> ASSIGNED TASK
Copy task. Retype the whole listing exactly, omitting any picture in it.

--- THE DATA Enclosed Below ---

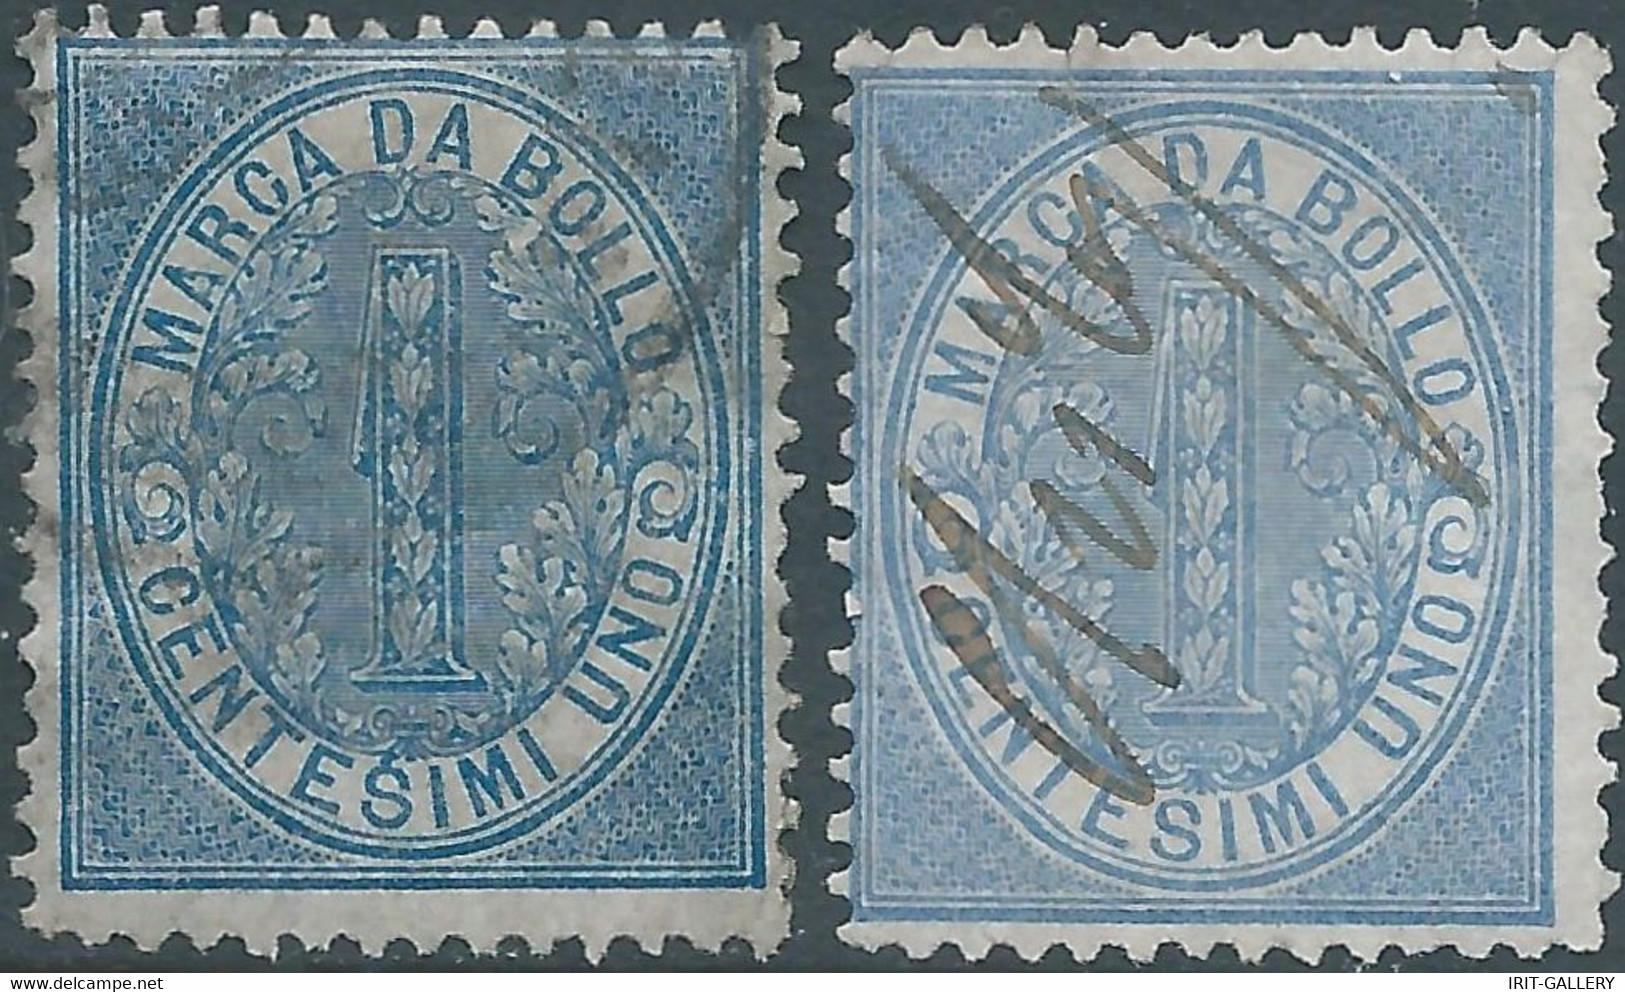 ITALIA-ITALY-ITALIEN,1868 Marca Da Bollo,Revenue Fiscal -Tax 2X 1Cent,Used - Fiscaux
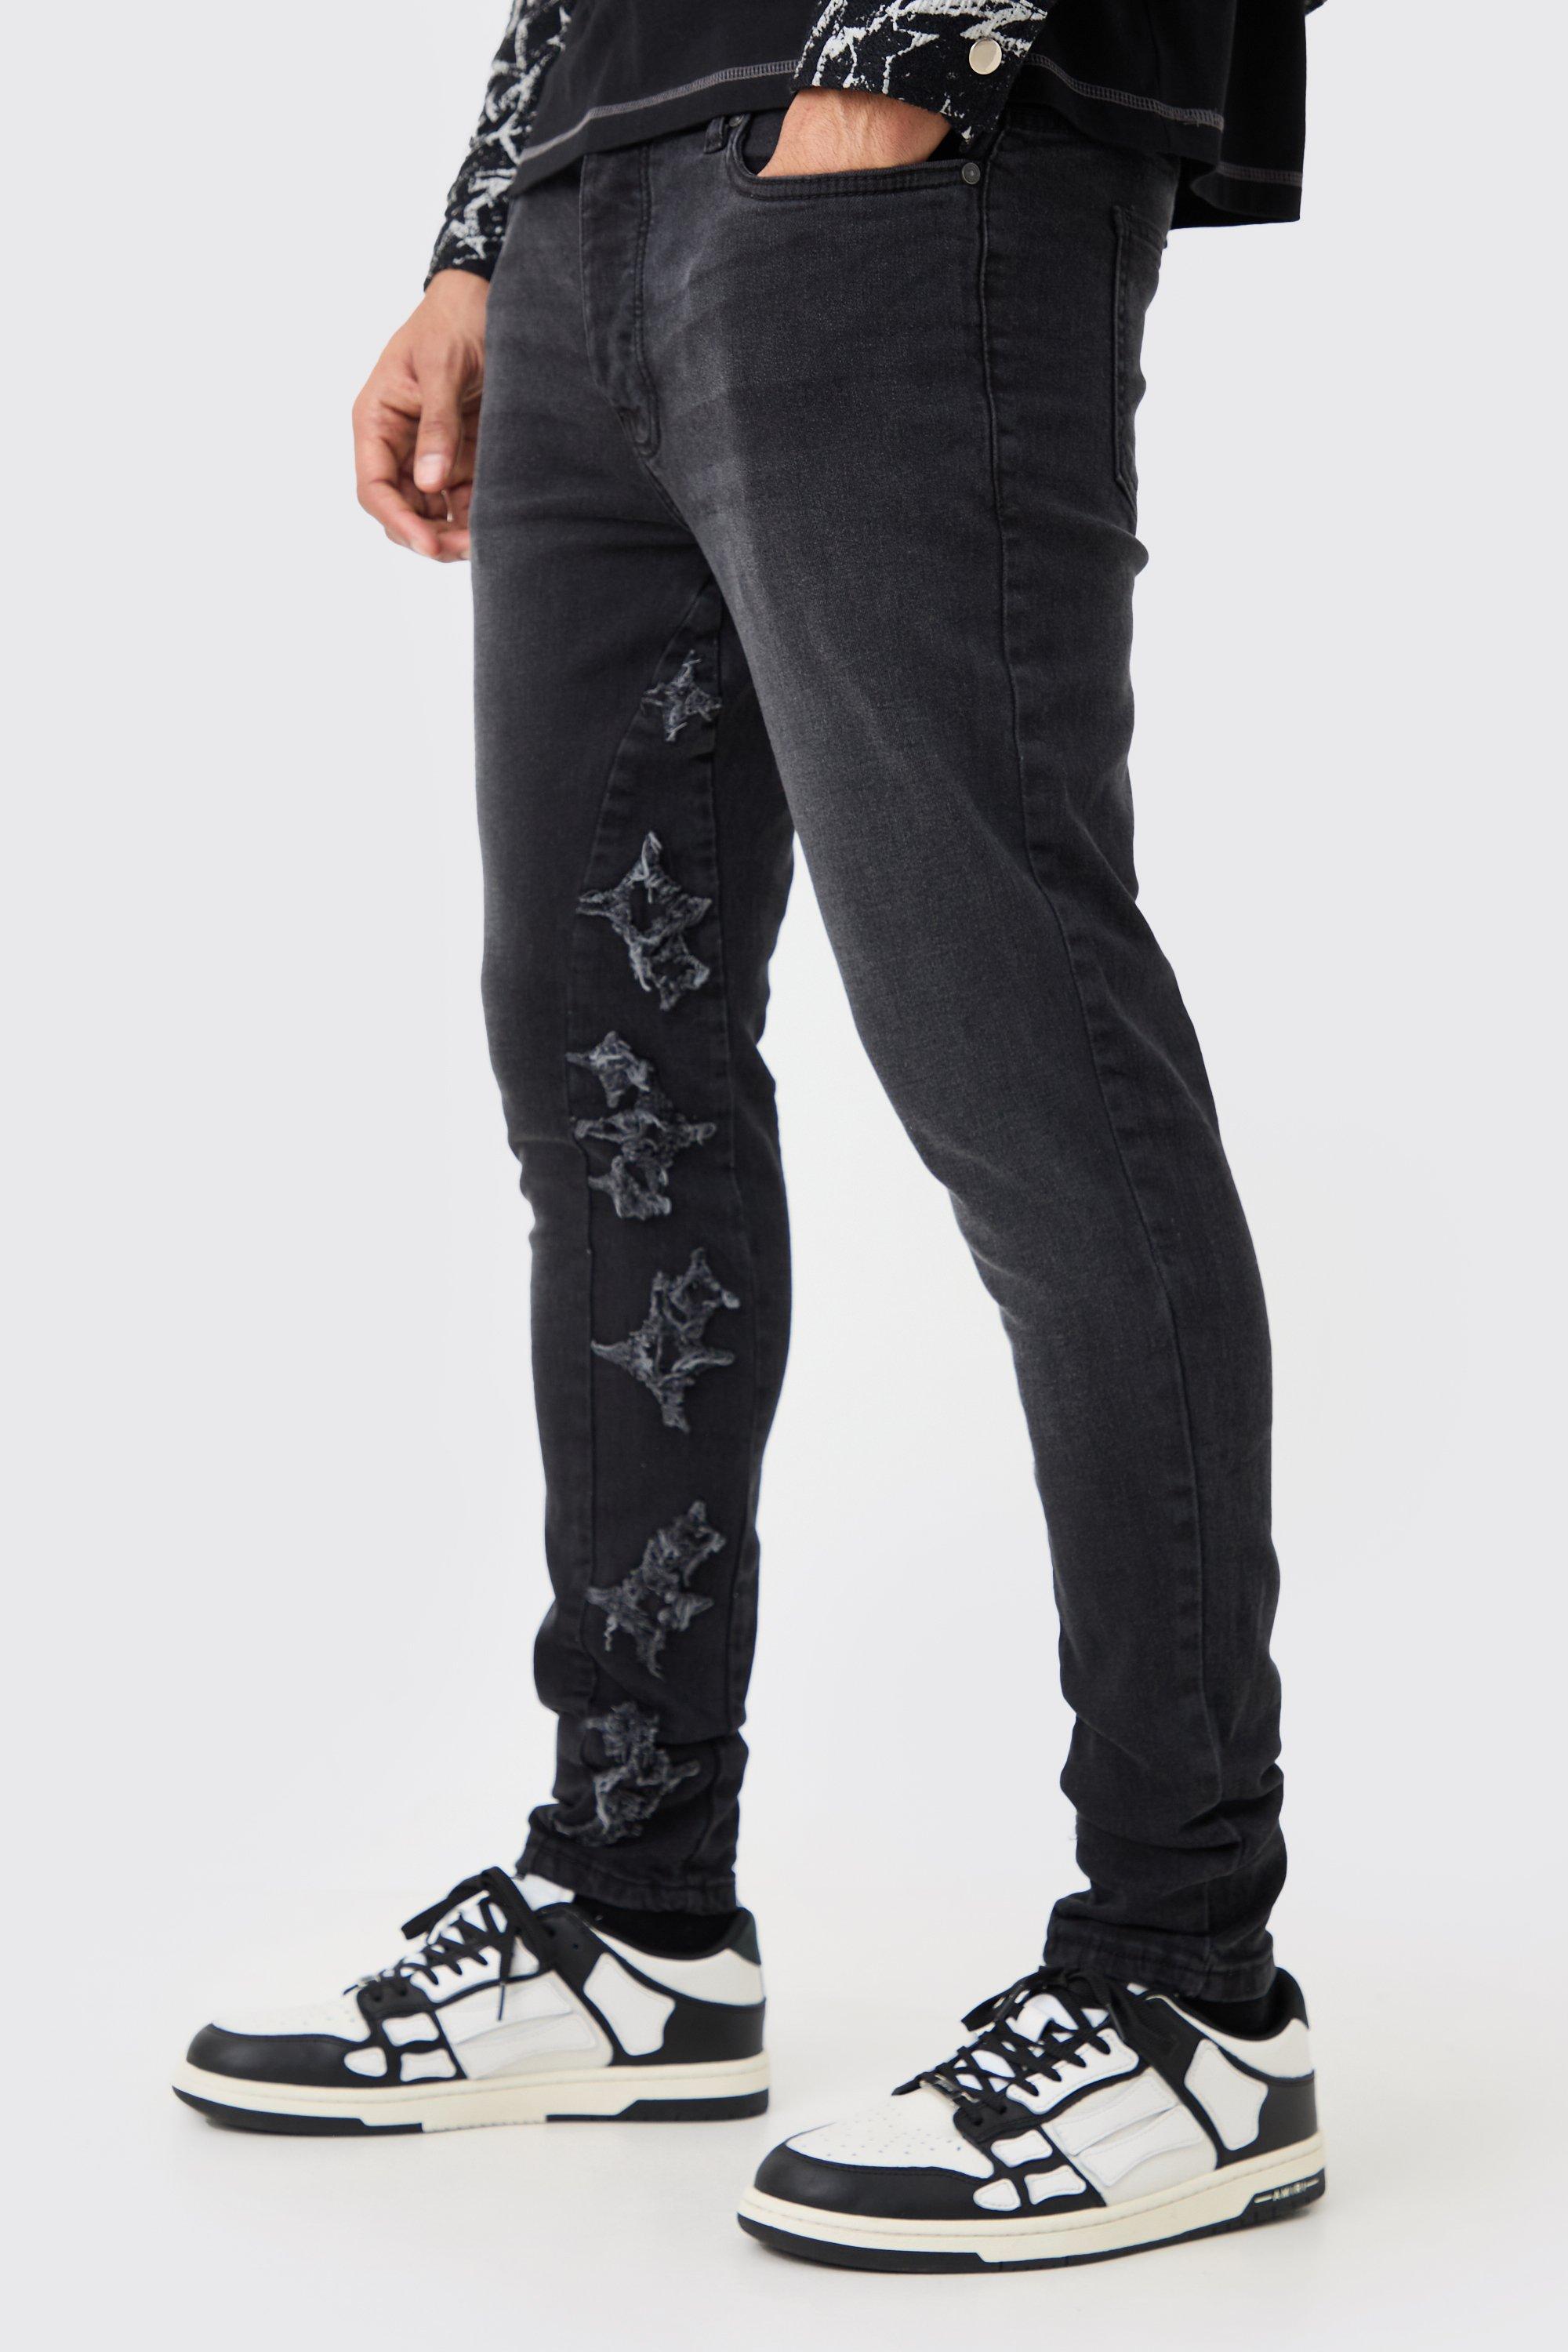 Image of Jeans Skinny Fit Stretch in nero slavato con applique e inserti, Nero
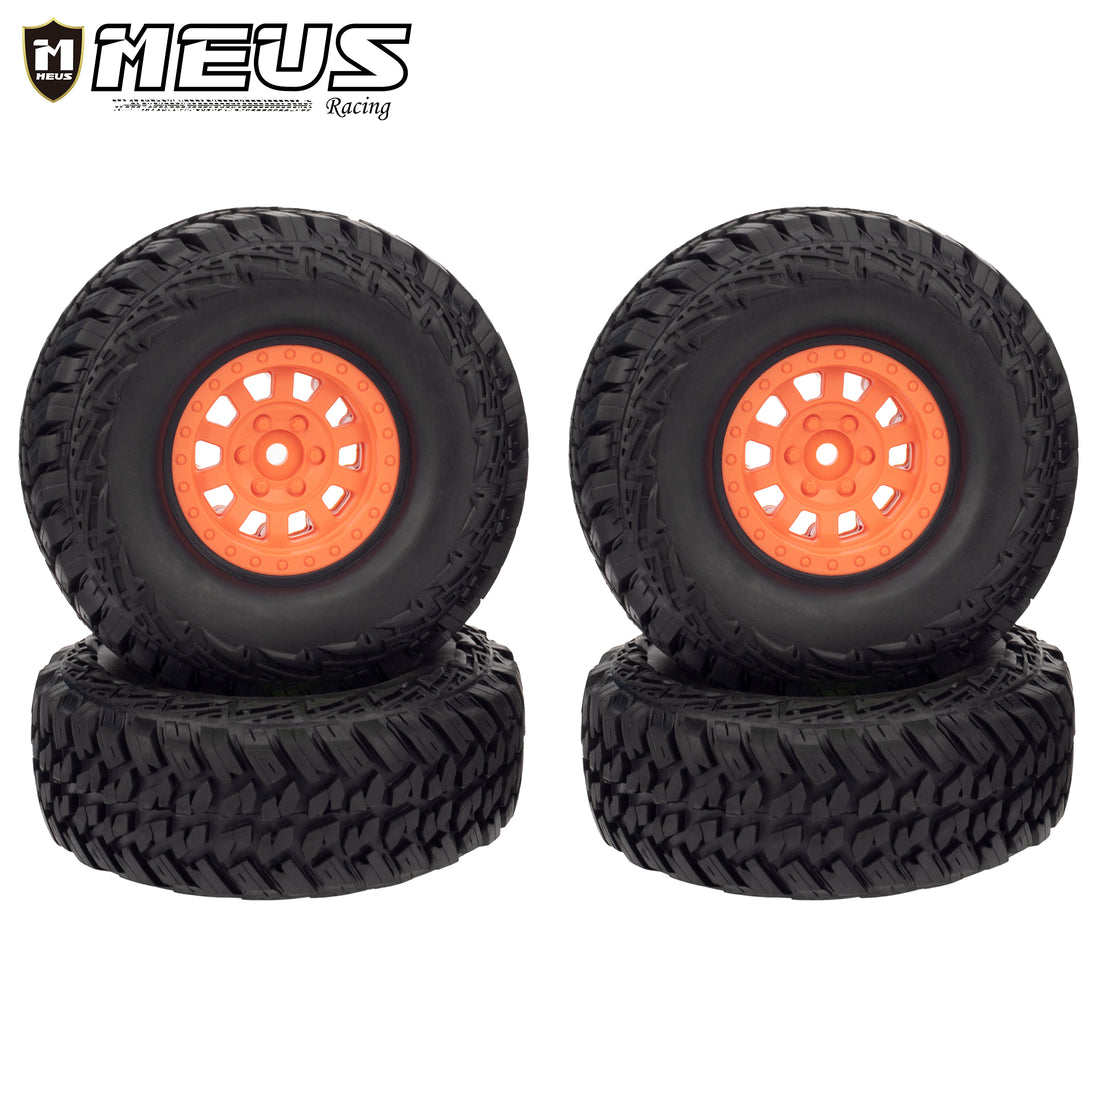 Meus Racing 1.9" Plastic Beadlock Wheels/Rubber Tires
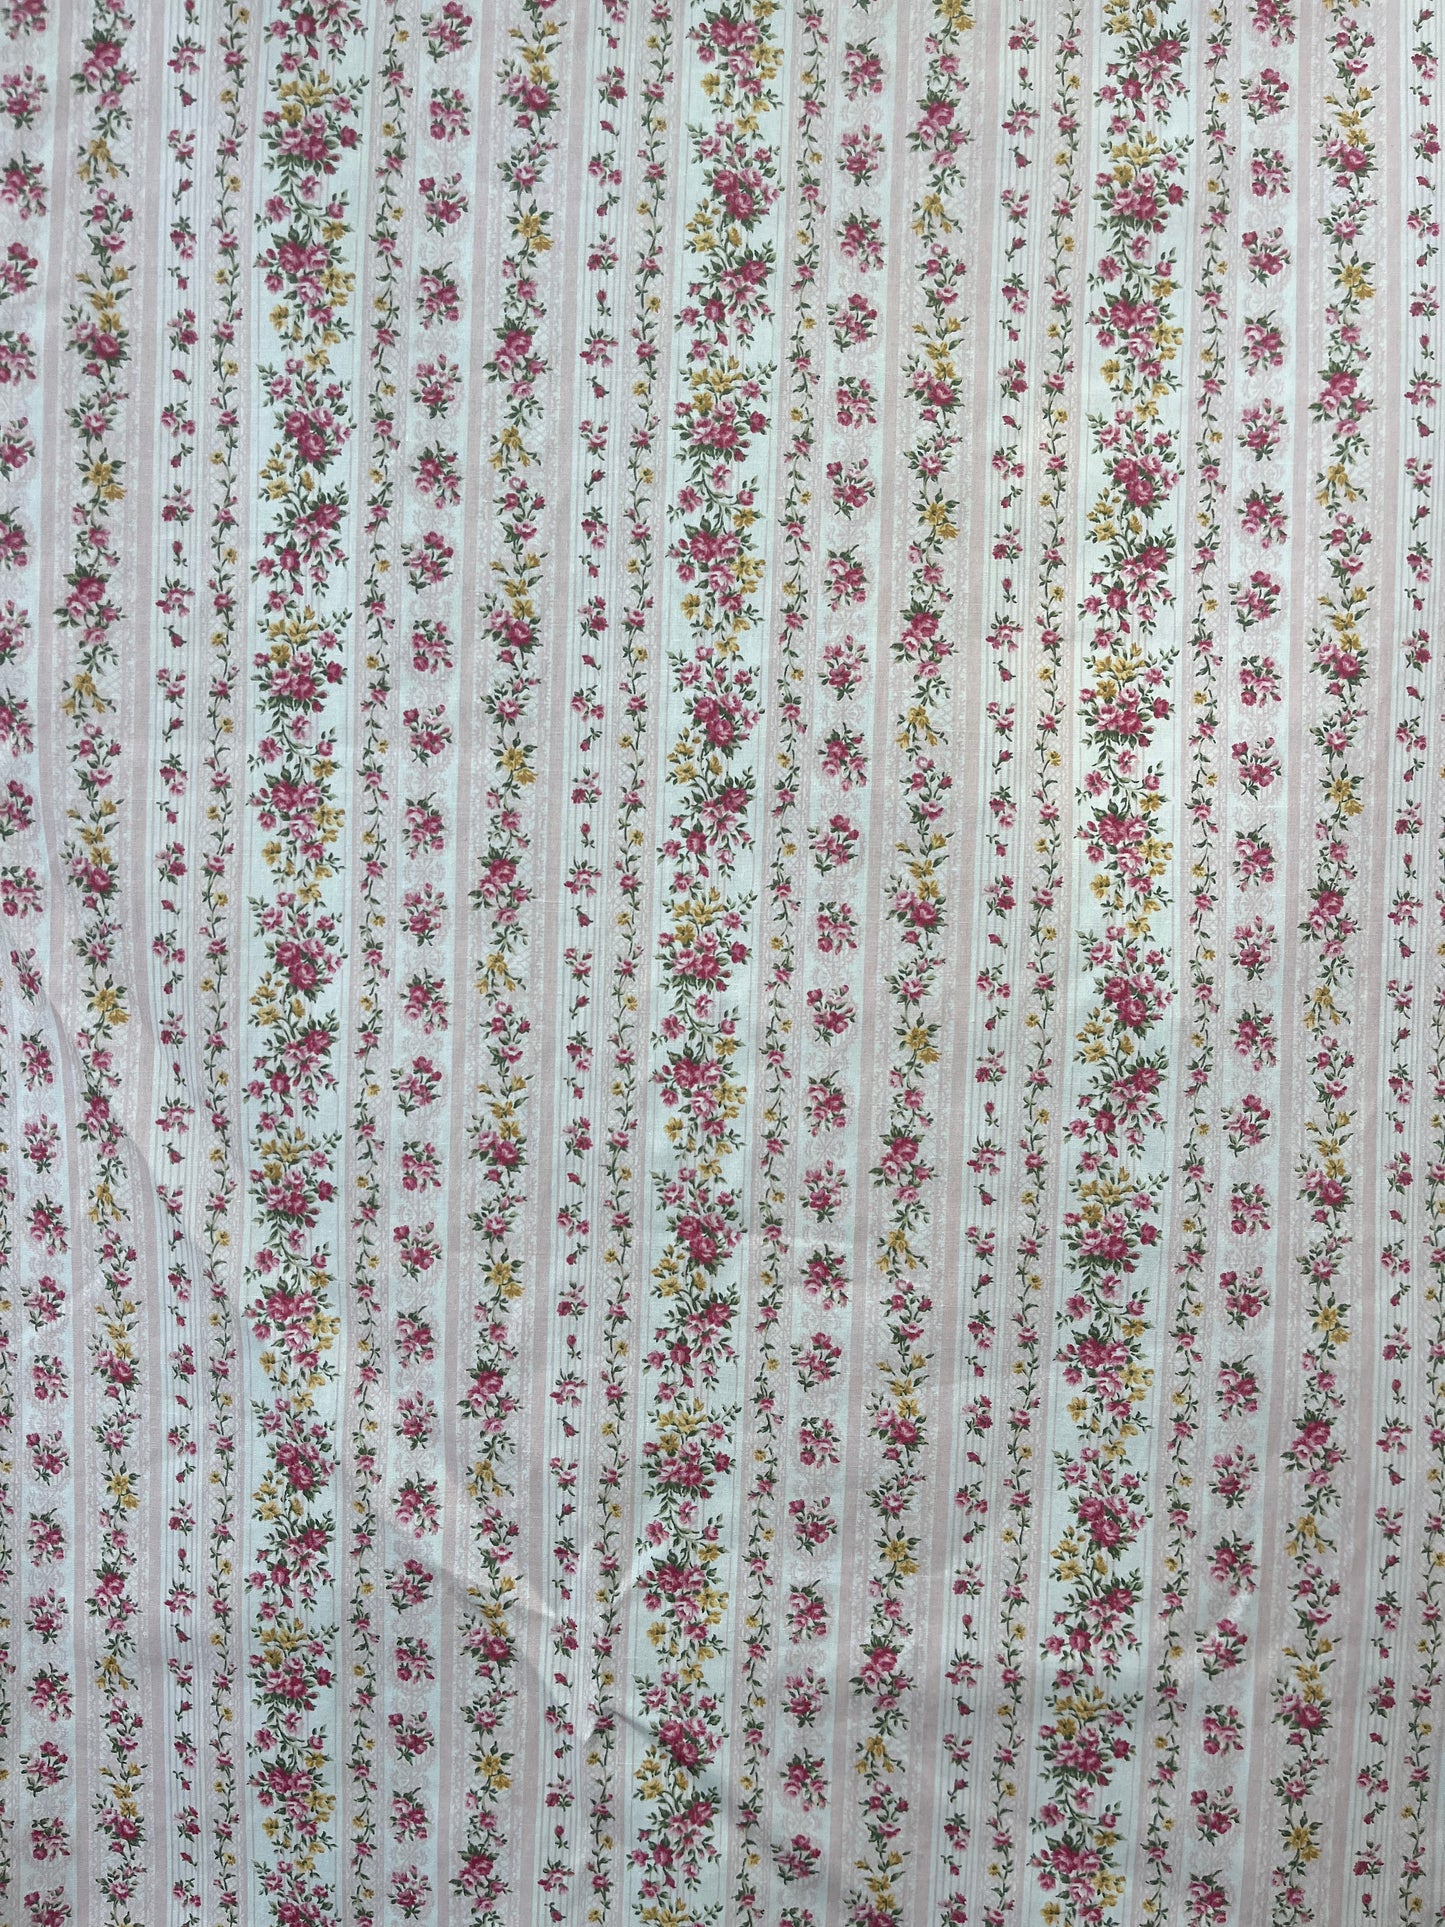 Japanese Floral Lace Cotton Print

--- End of Enclosed THE DATA ---

> YOUR RESPONSE
 ITALIA-ITALY-ITALIEN,1868 Marca Da Bollo,Revenue Fiscal -Tax 2X 1Cent,Used - Fiscaux
 Image of Jeans Skinny Fit Stretch in nero slavato con applique e inserti, Nero
 Meus Racing 1.9" Plastic Beadlock Wheels/Rubber Tires
 Japanese Floral Lace Cotton Print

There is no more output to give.